* **What is expected**: Transcribe exactly the line with "Marlis von Plotho" and each line that follows it in the listing, down to the last, omitting all pictures.

* **Supplied information**:
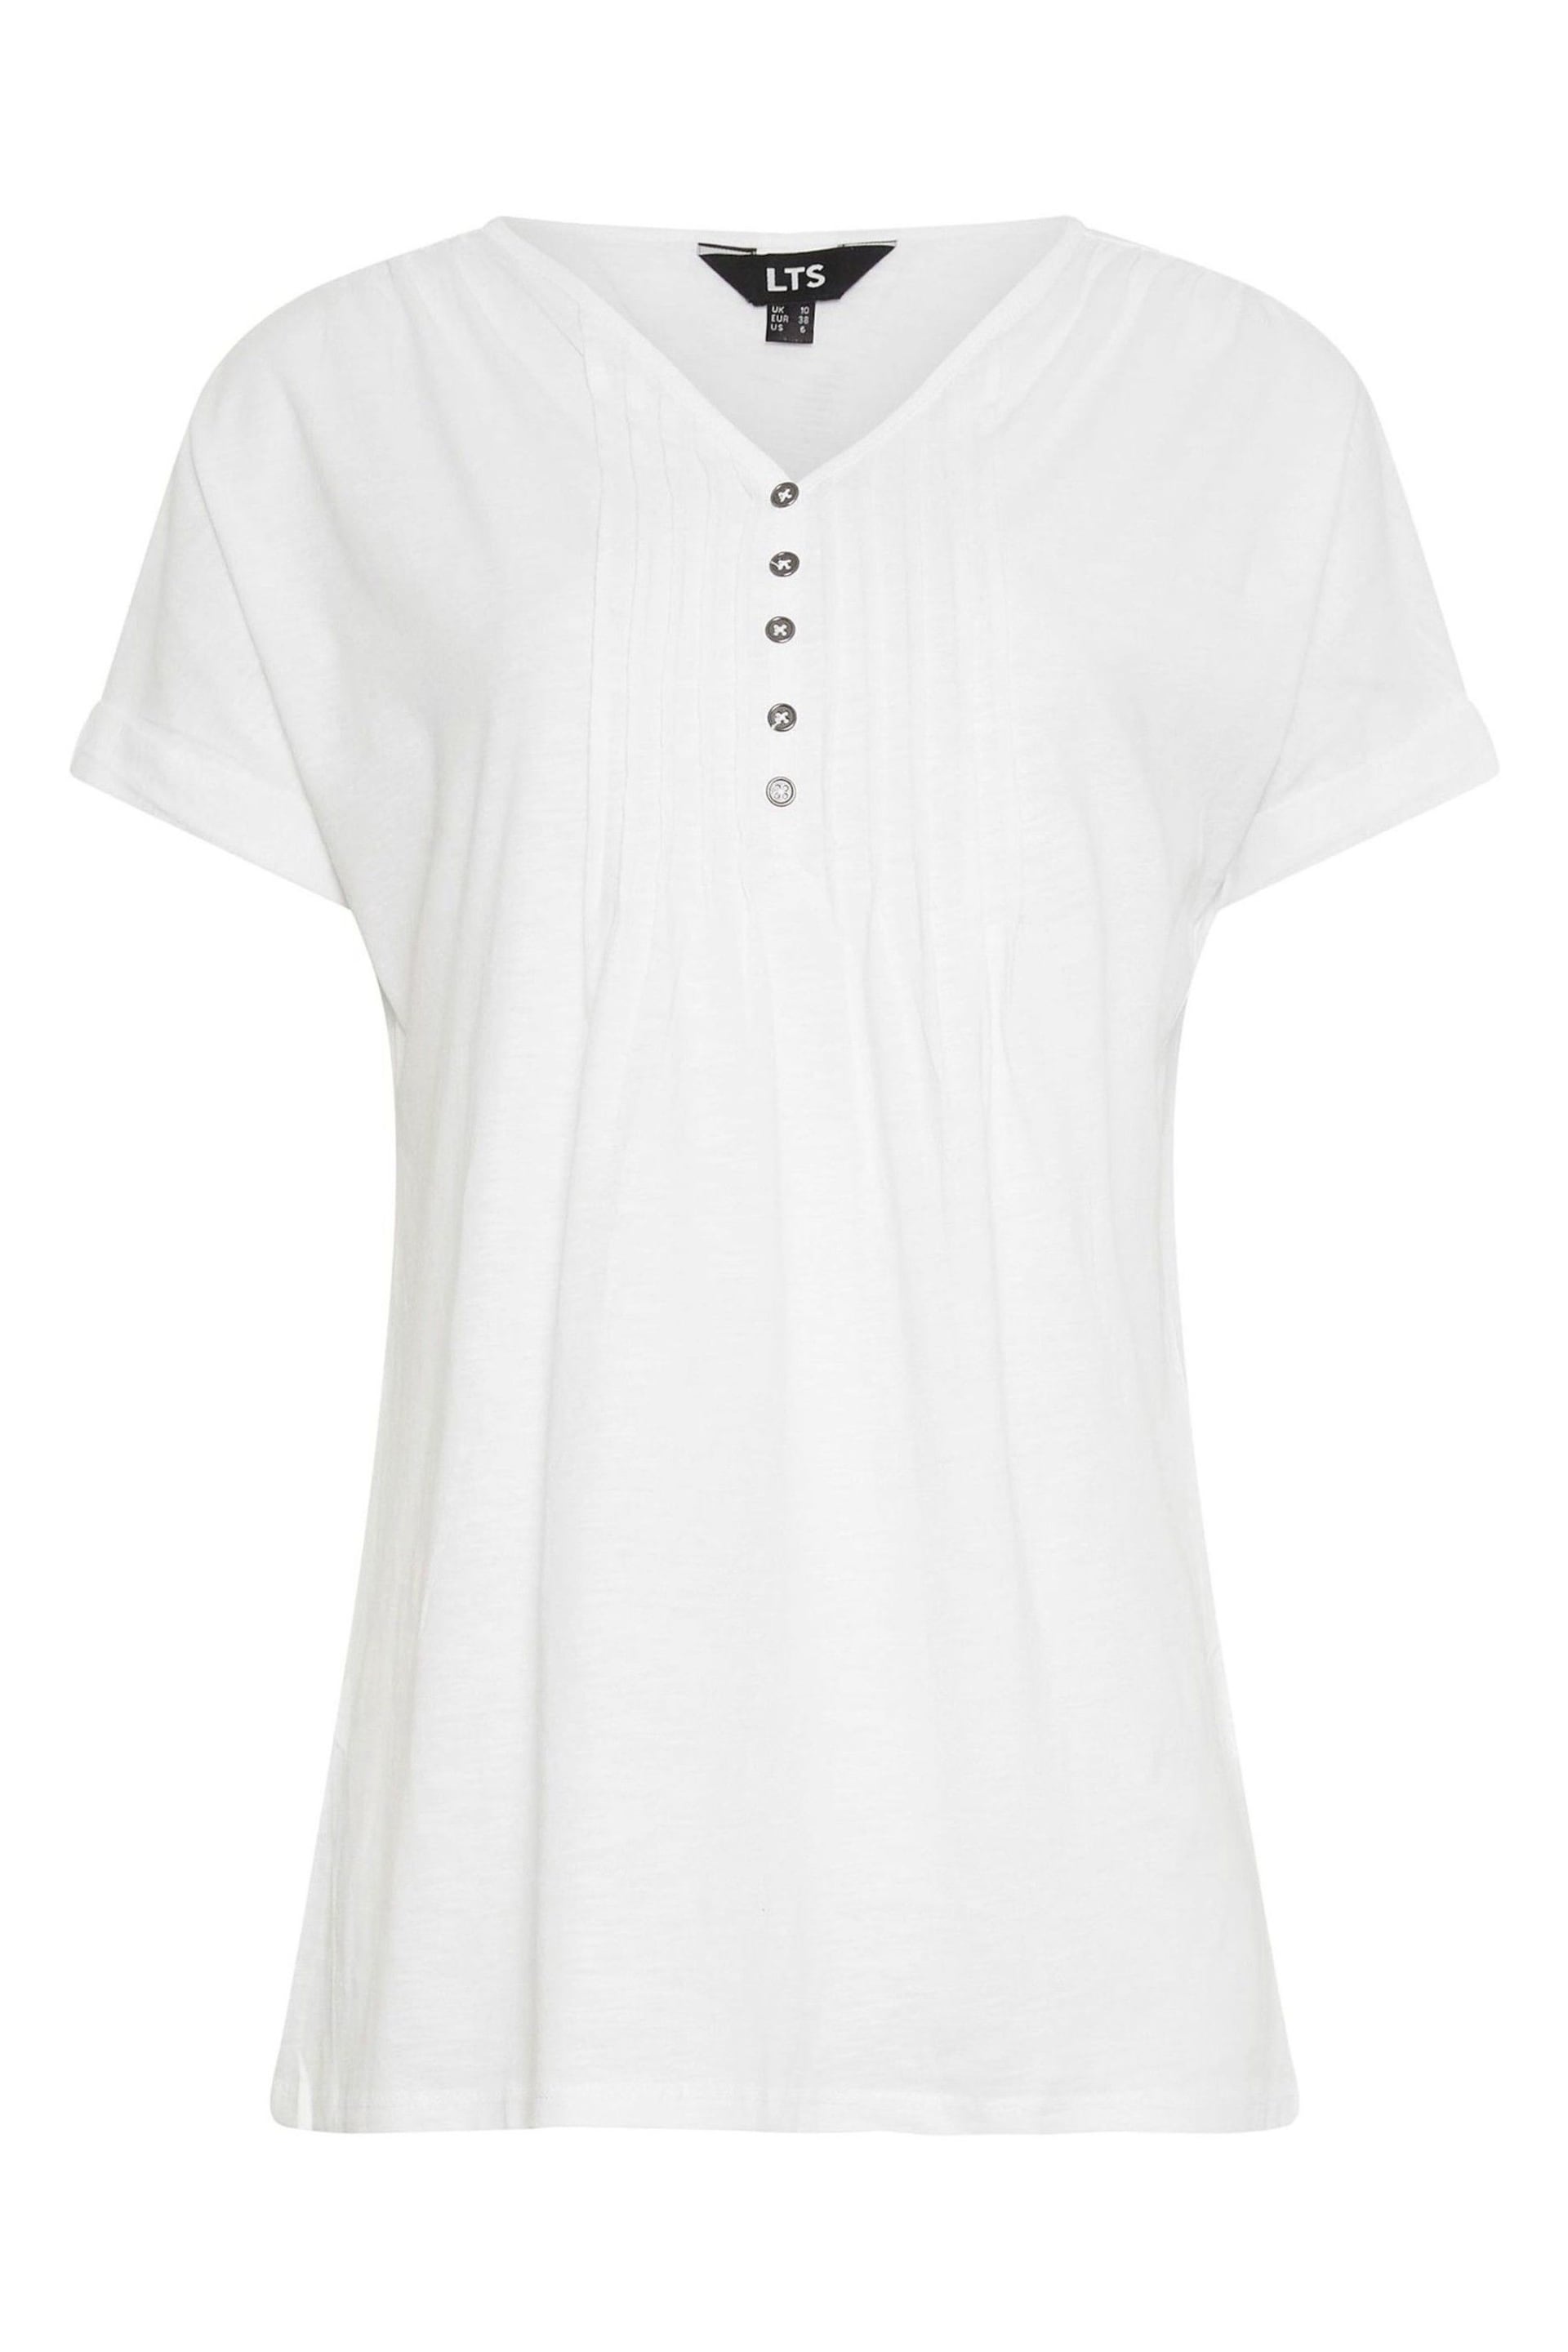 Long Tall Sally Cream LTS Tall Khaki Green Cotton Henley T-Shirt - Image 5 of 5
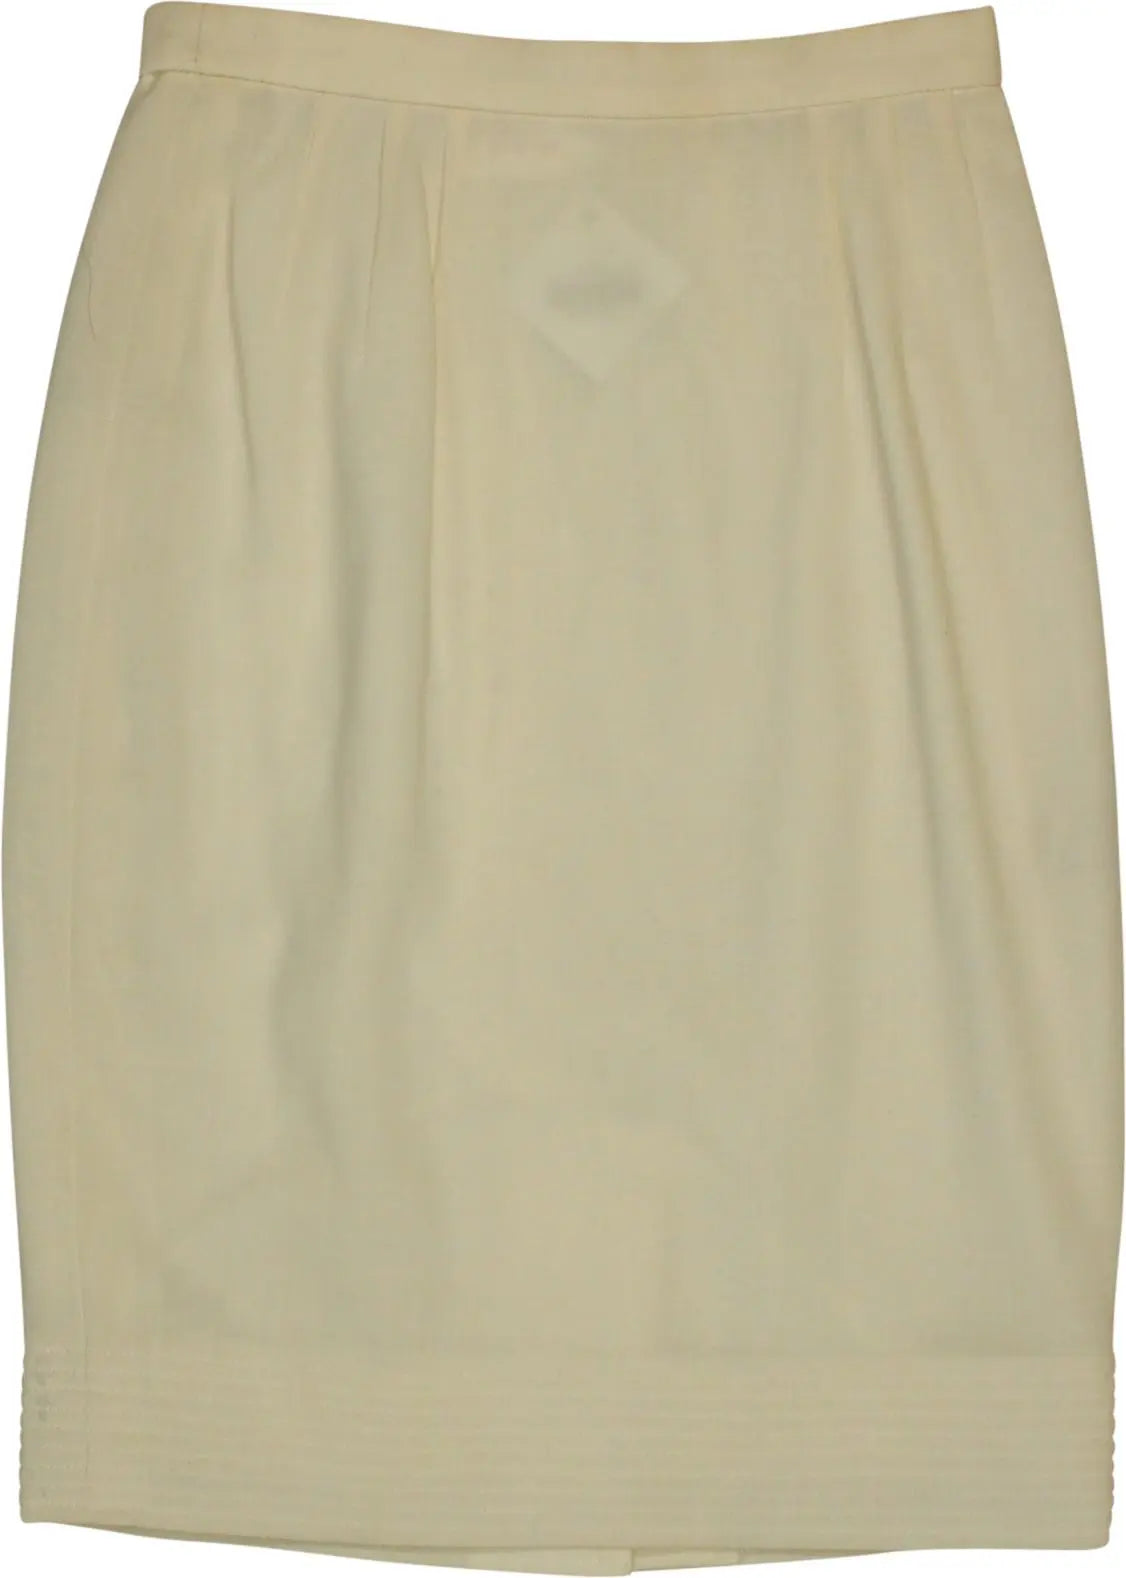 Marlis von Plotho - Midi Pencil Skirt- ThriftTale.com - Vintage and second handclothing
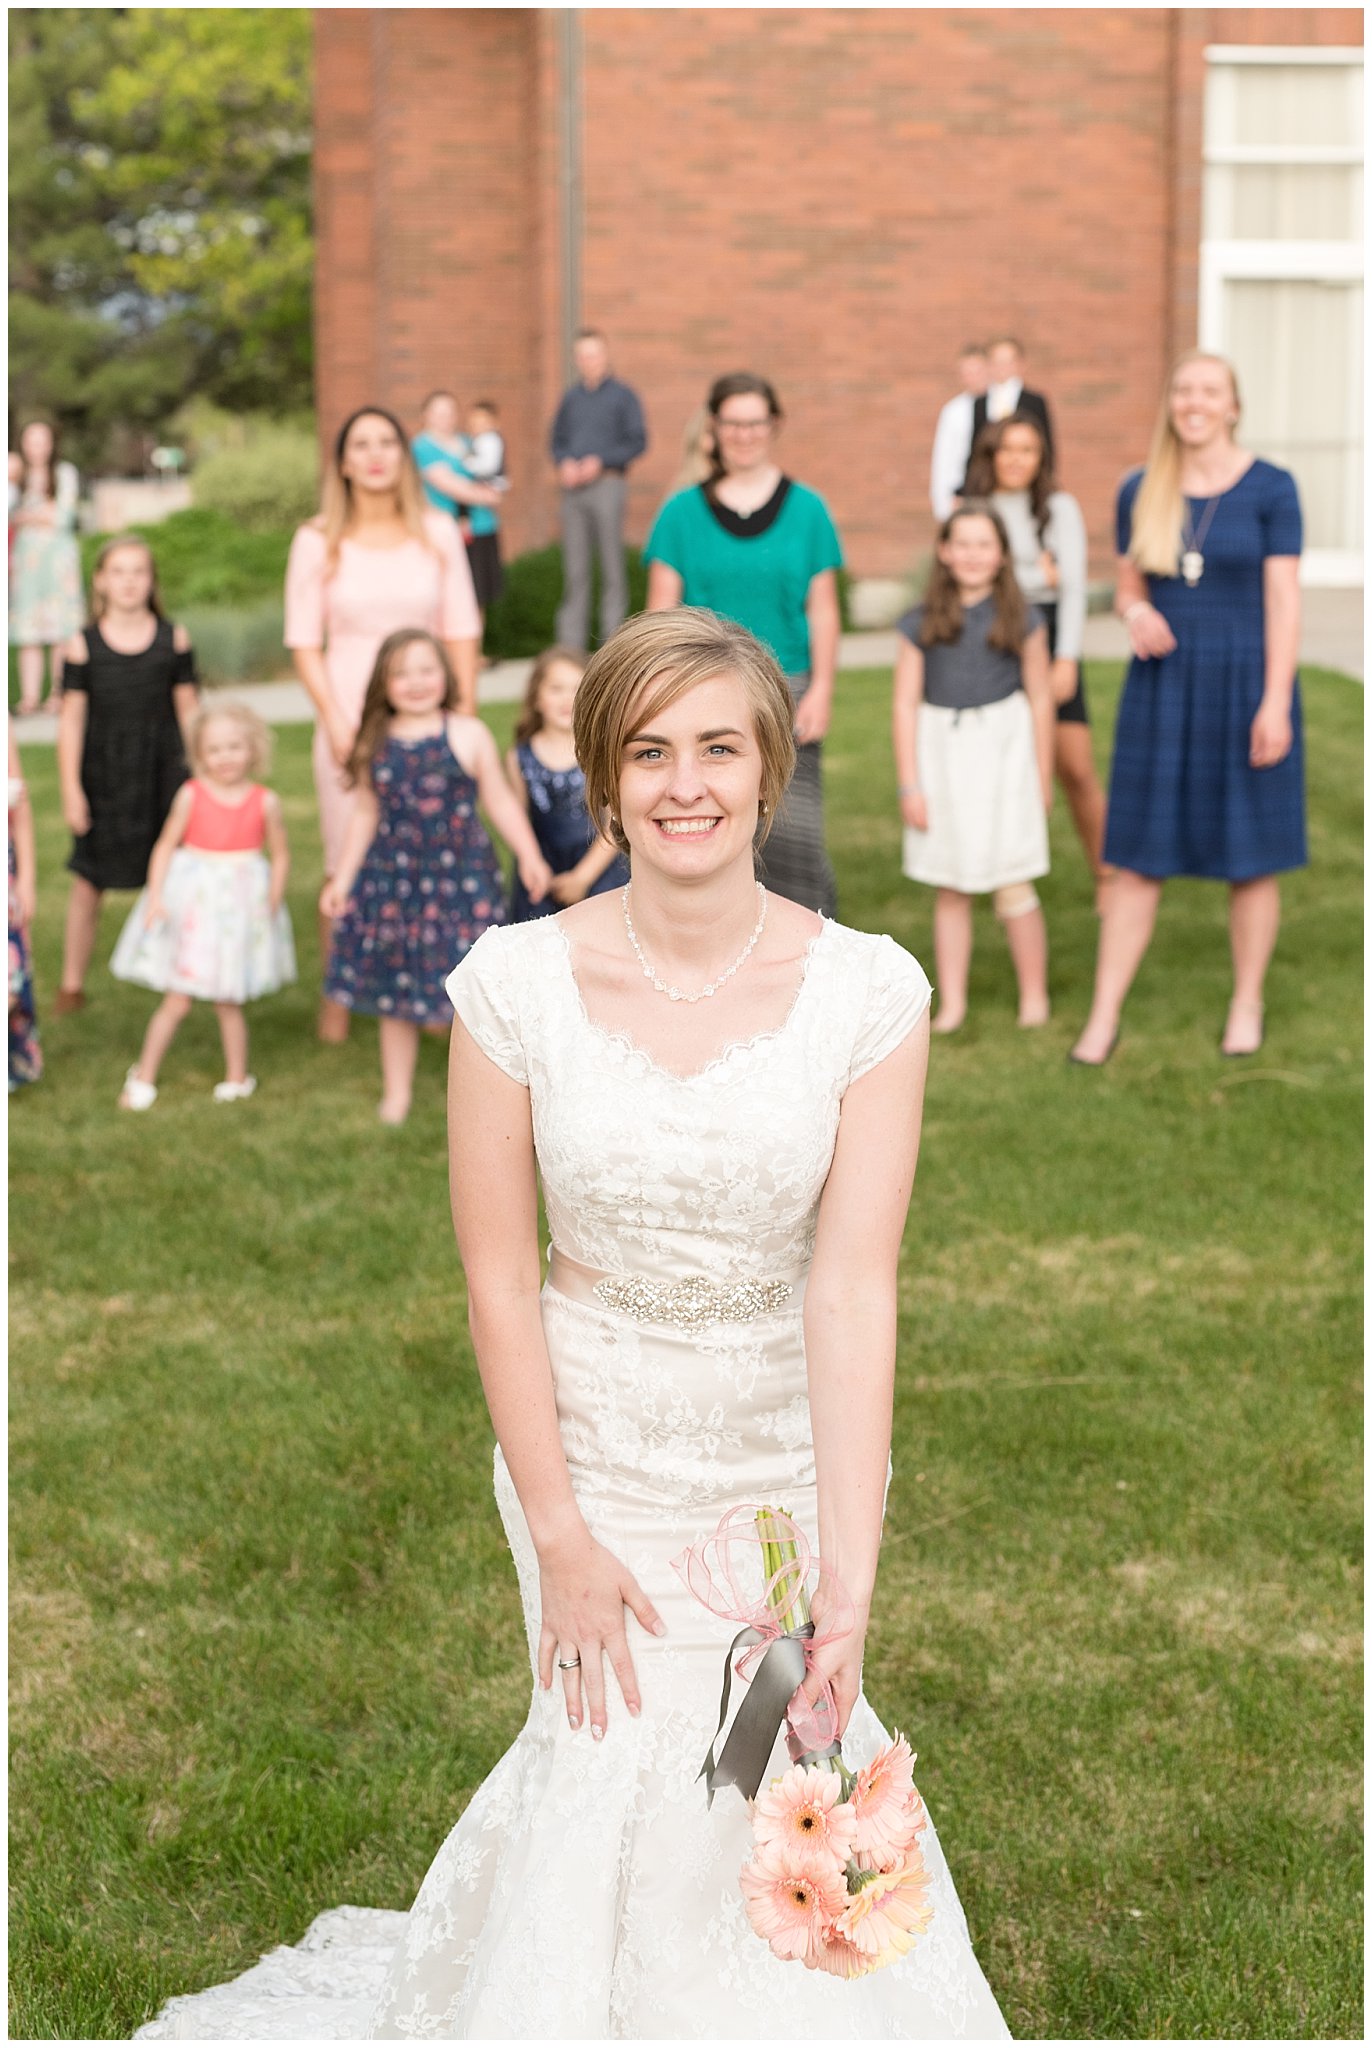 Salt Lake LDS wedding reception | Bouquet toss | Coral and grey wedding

* **Solution to this problem**:
 Marlis von Plotho - Midi Pencil Skirt- ThriftTale.com - Vintage and second handclothing
 Salt Lake LDS wedding reception | Bouquet toss | Coral and grey wedding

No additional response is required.